Your instructions
Find the line containing "中国 风 桃花 树枝 装饰设计 中国风 卡通 插画 psd素材 手绘 花枝 春季元素" in the entries; transcribe it and all remaining lines through the end, exactly as they appear, but not the pictures.

Study material
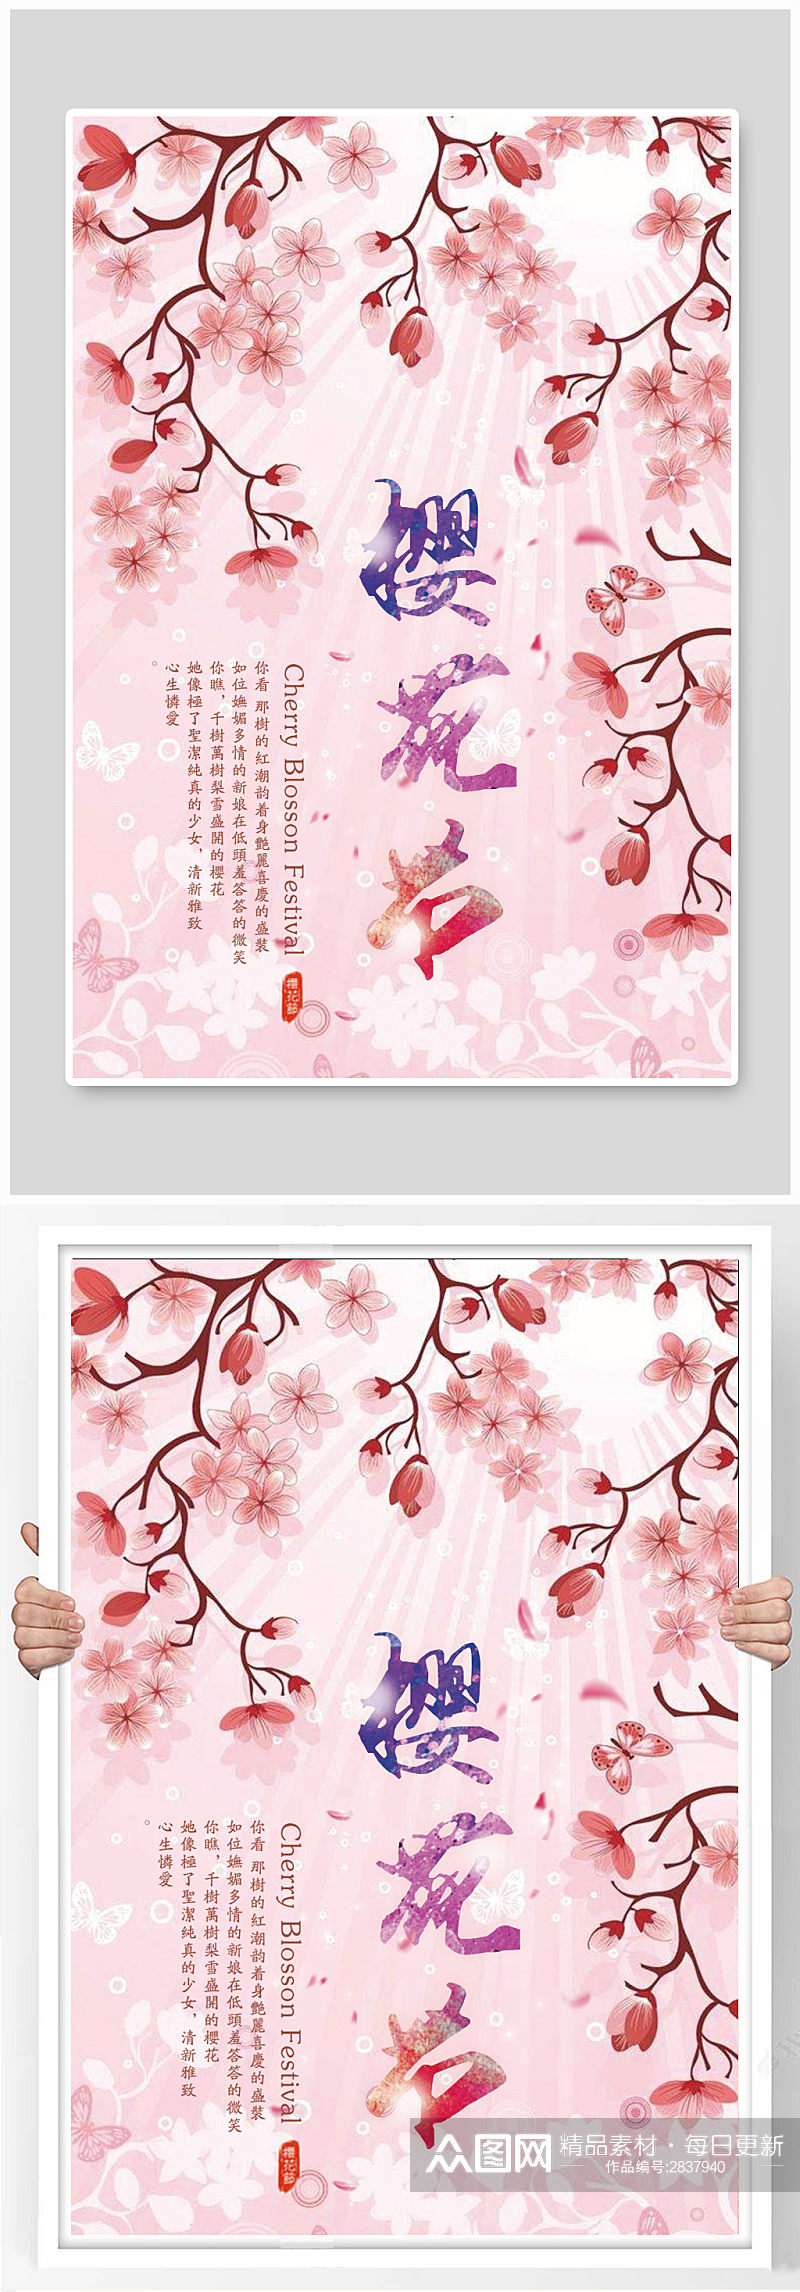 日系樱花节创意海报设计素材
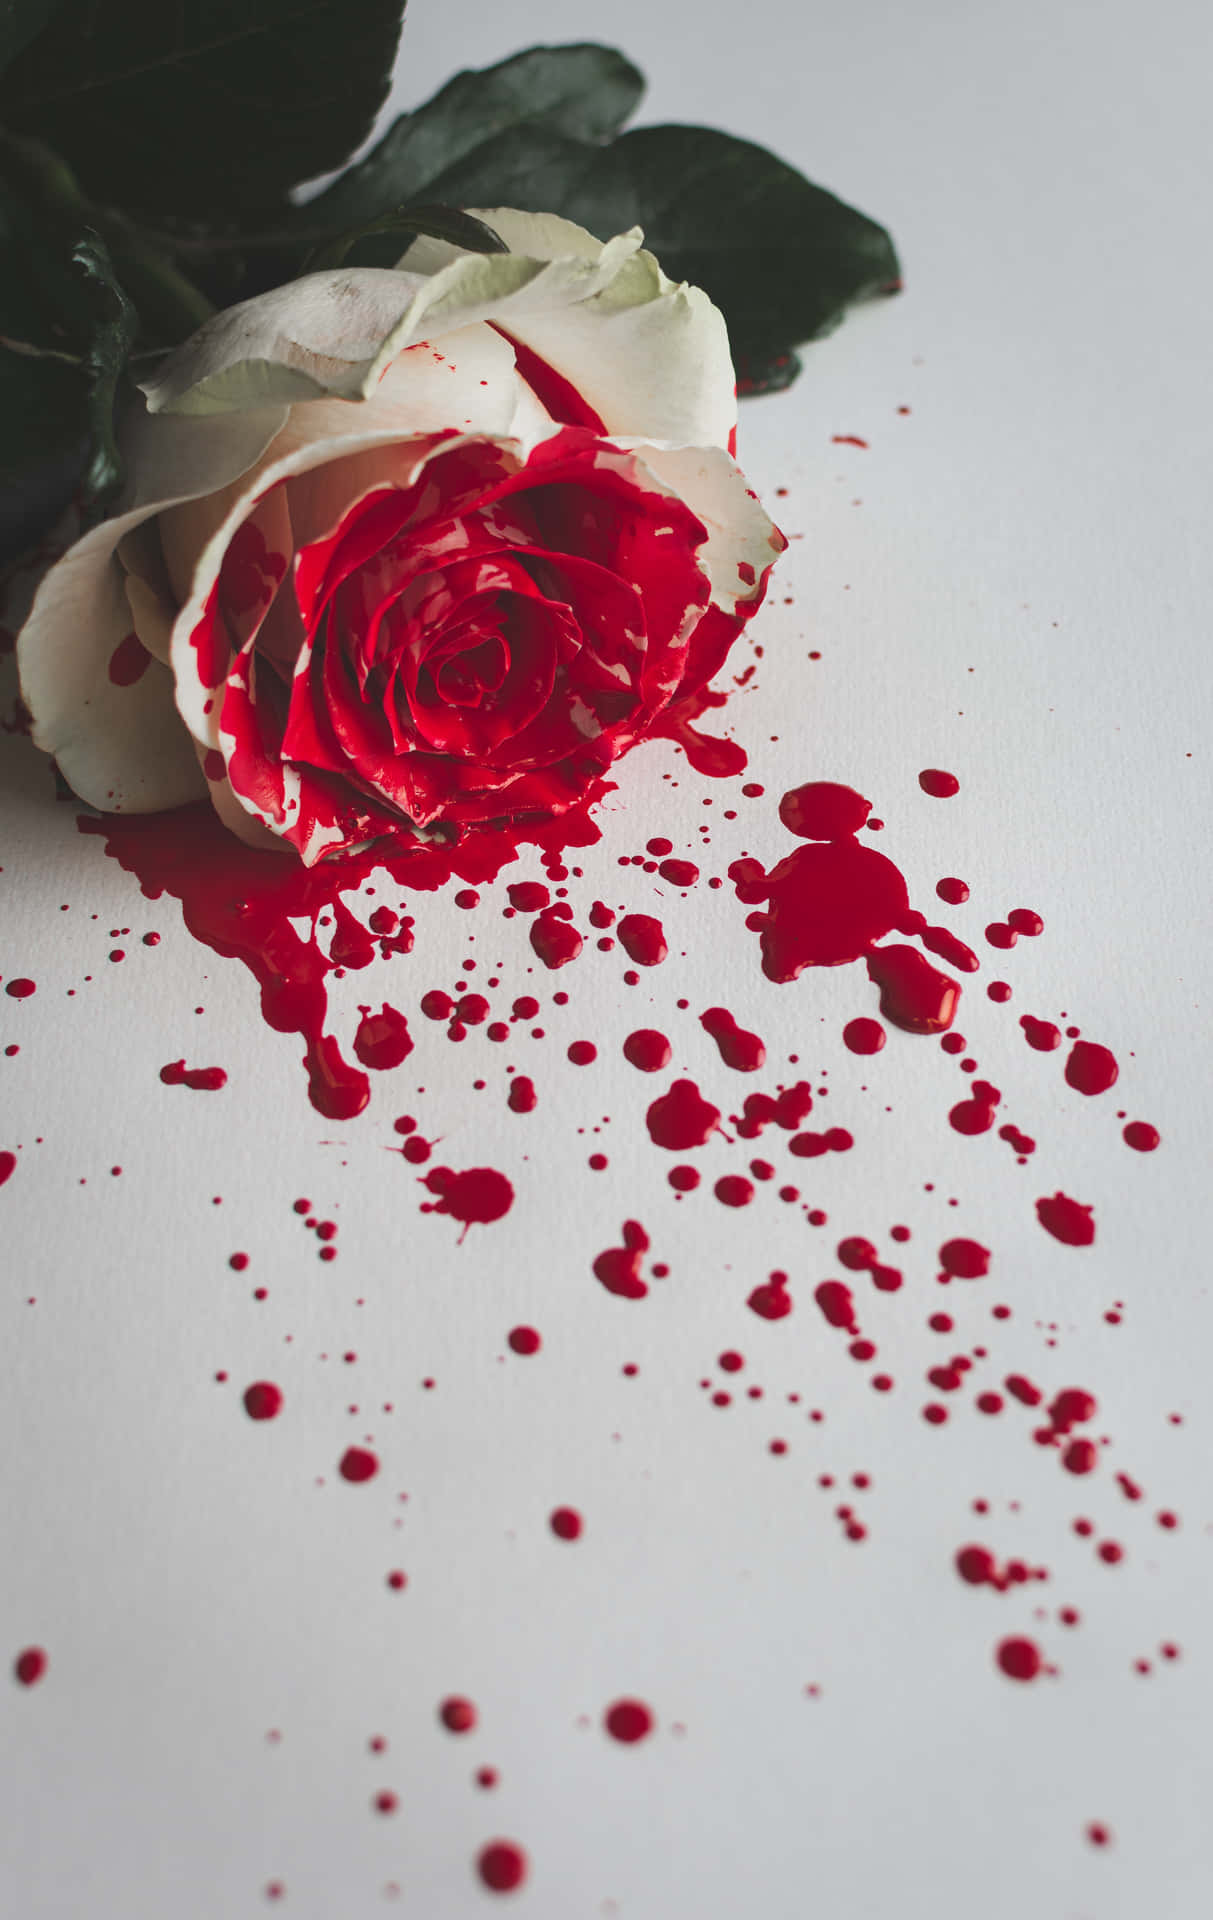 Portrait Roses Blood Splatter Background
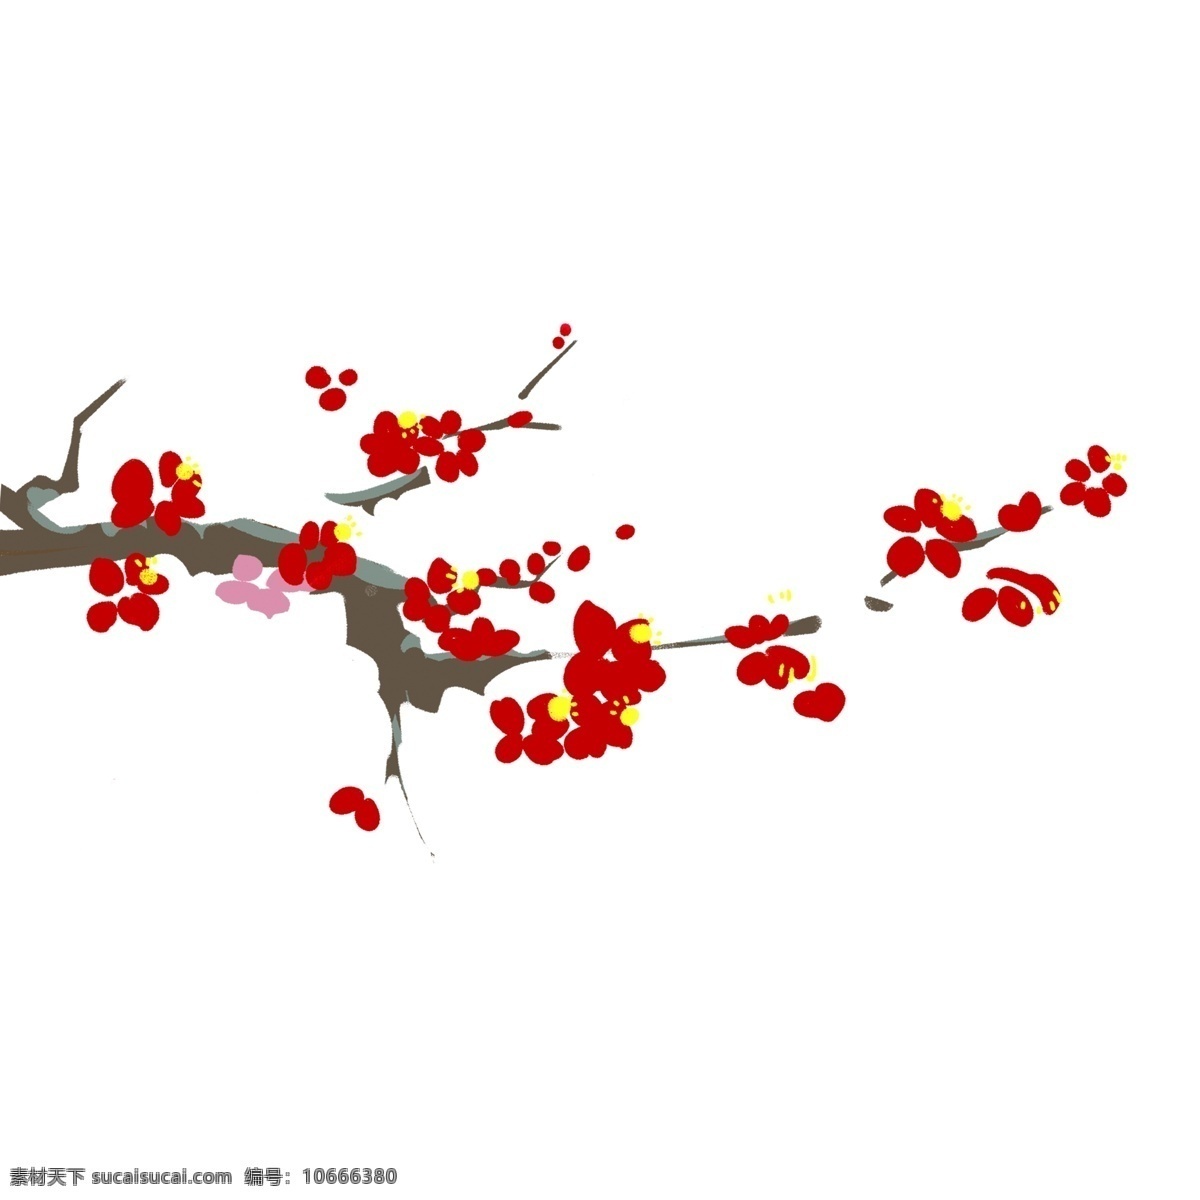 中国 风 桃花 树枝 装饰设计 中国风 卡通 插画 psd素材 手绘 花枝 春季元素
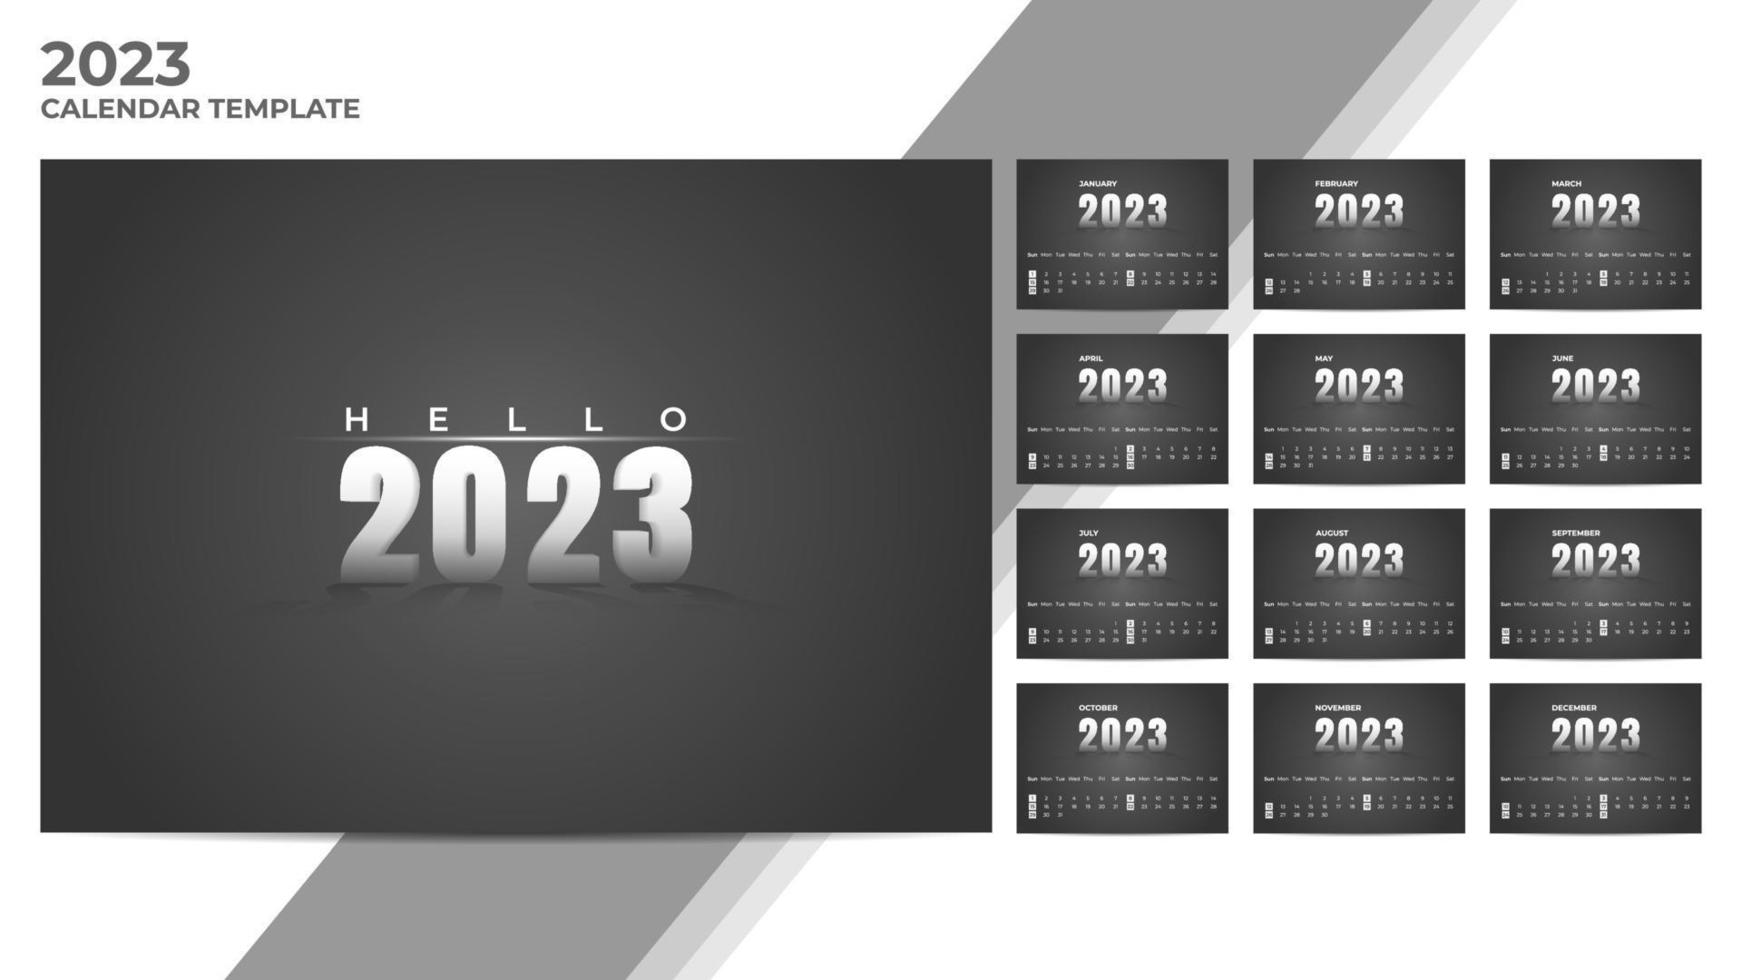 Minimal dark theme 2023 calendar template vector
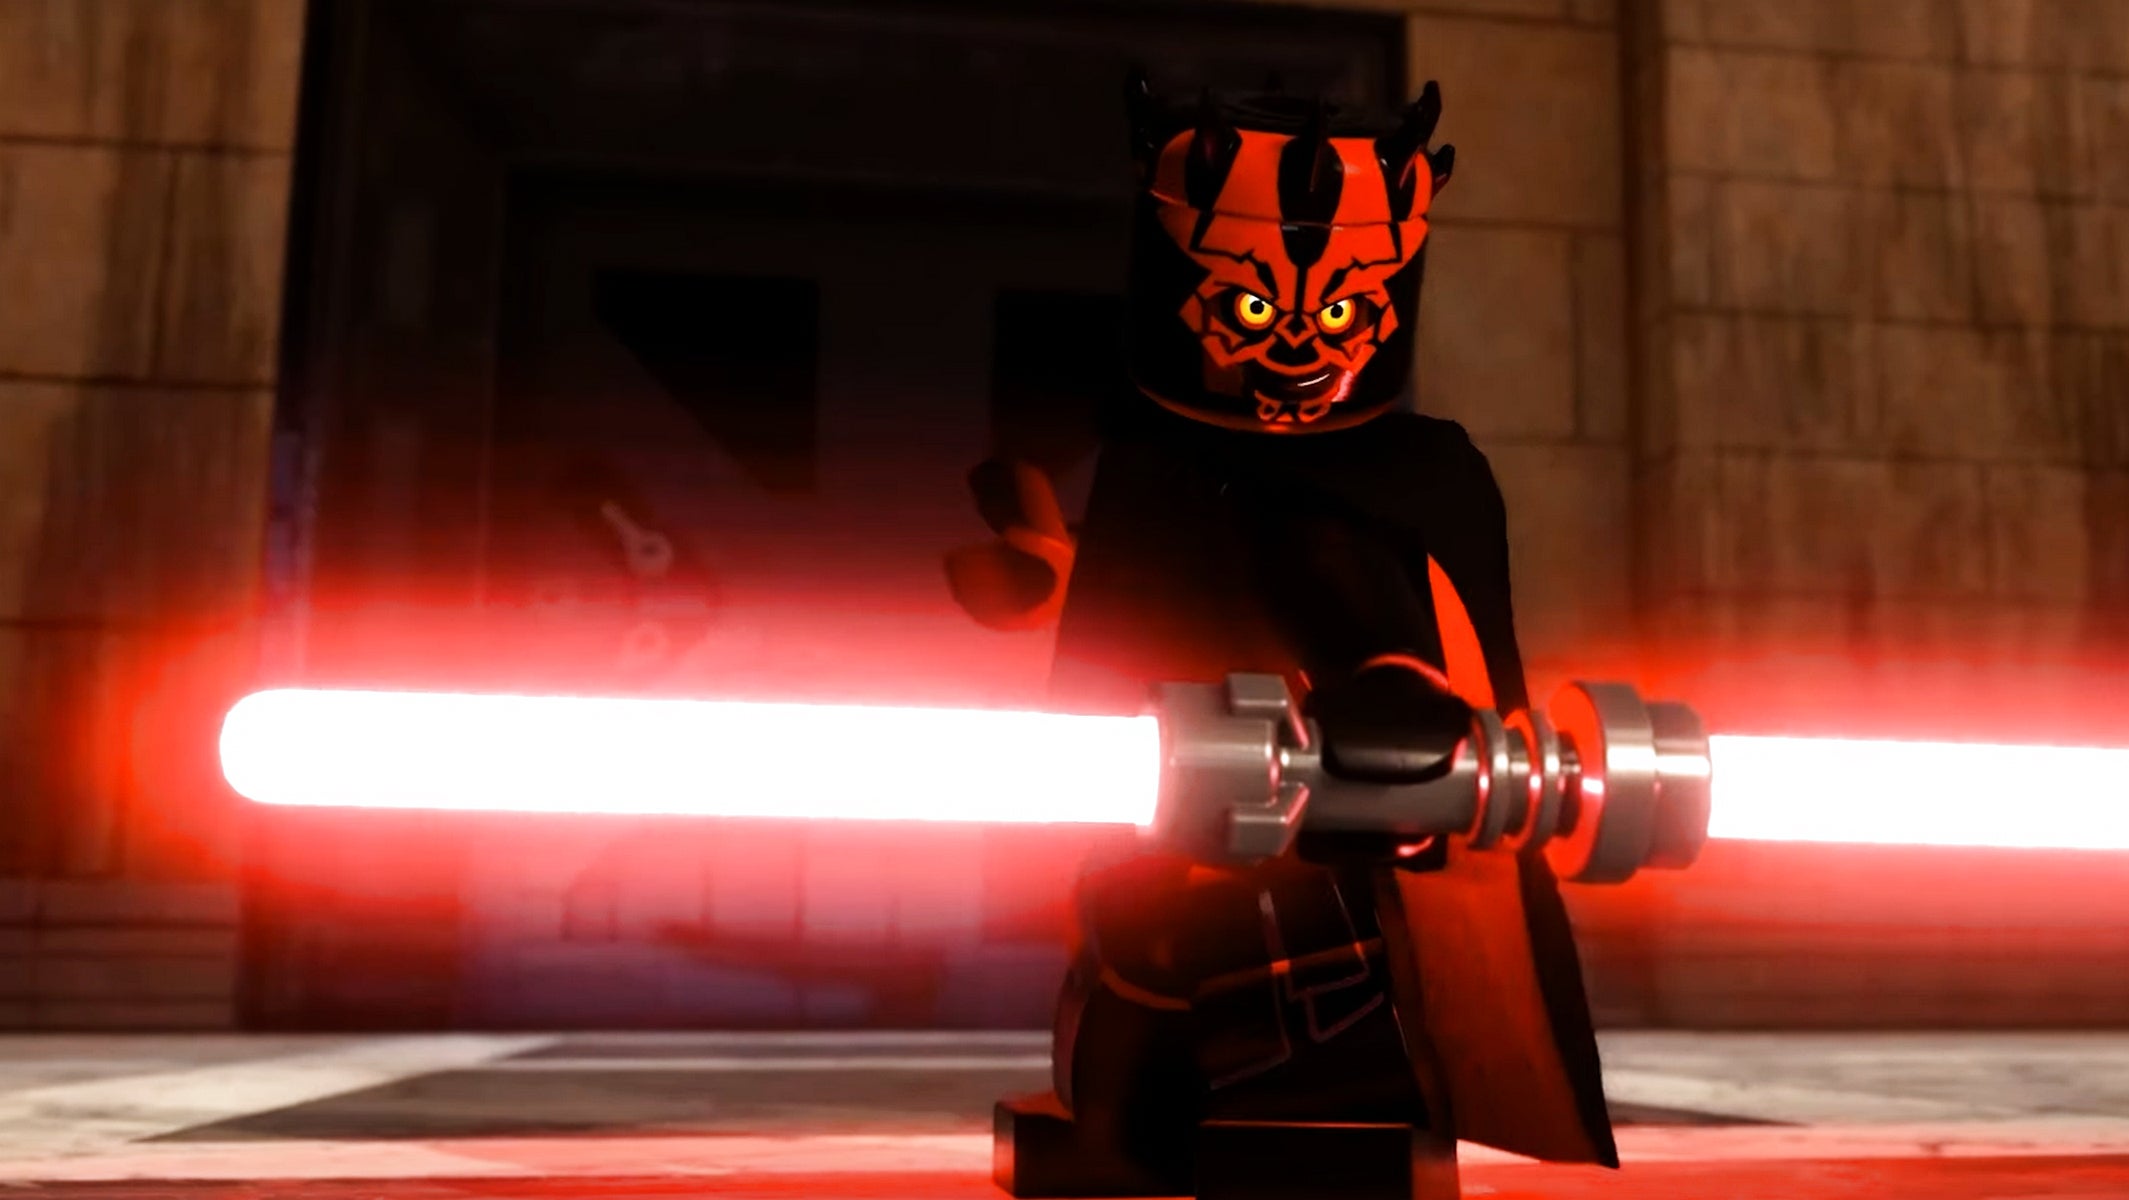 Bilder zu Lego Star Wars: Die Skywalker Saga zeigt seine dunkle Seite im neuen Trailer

Expected answer
 中国 风 桃花 树枝 装饰设计 中国风 卡通 插画 psd素材 手绘 花枝 春季元素
 Minimal dark theme 2023 calendar template vector
 Bilder zu Lego Star Wars: Die Skywalker Saga zeigt seine dunkle Seite im neuen Trailer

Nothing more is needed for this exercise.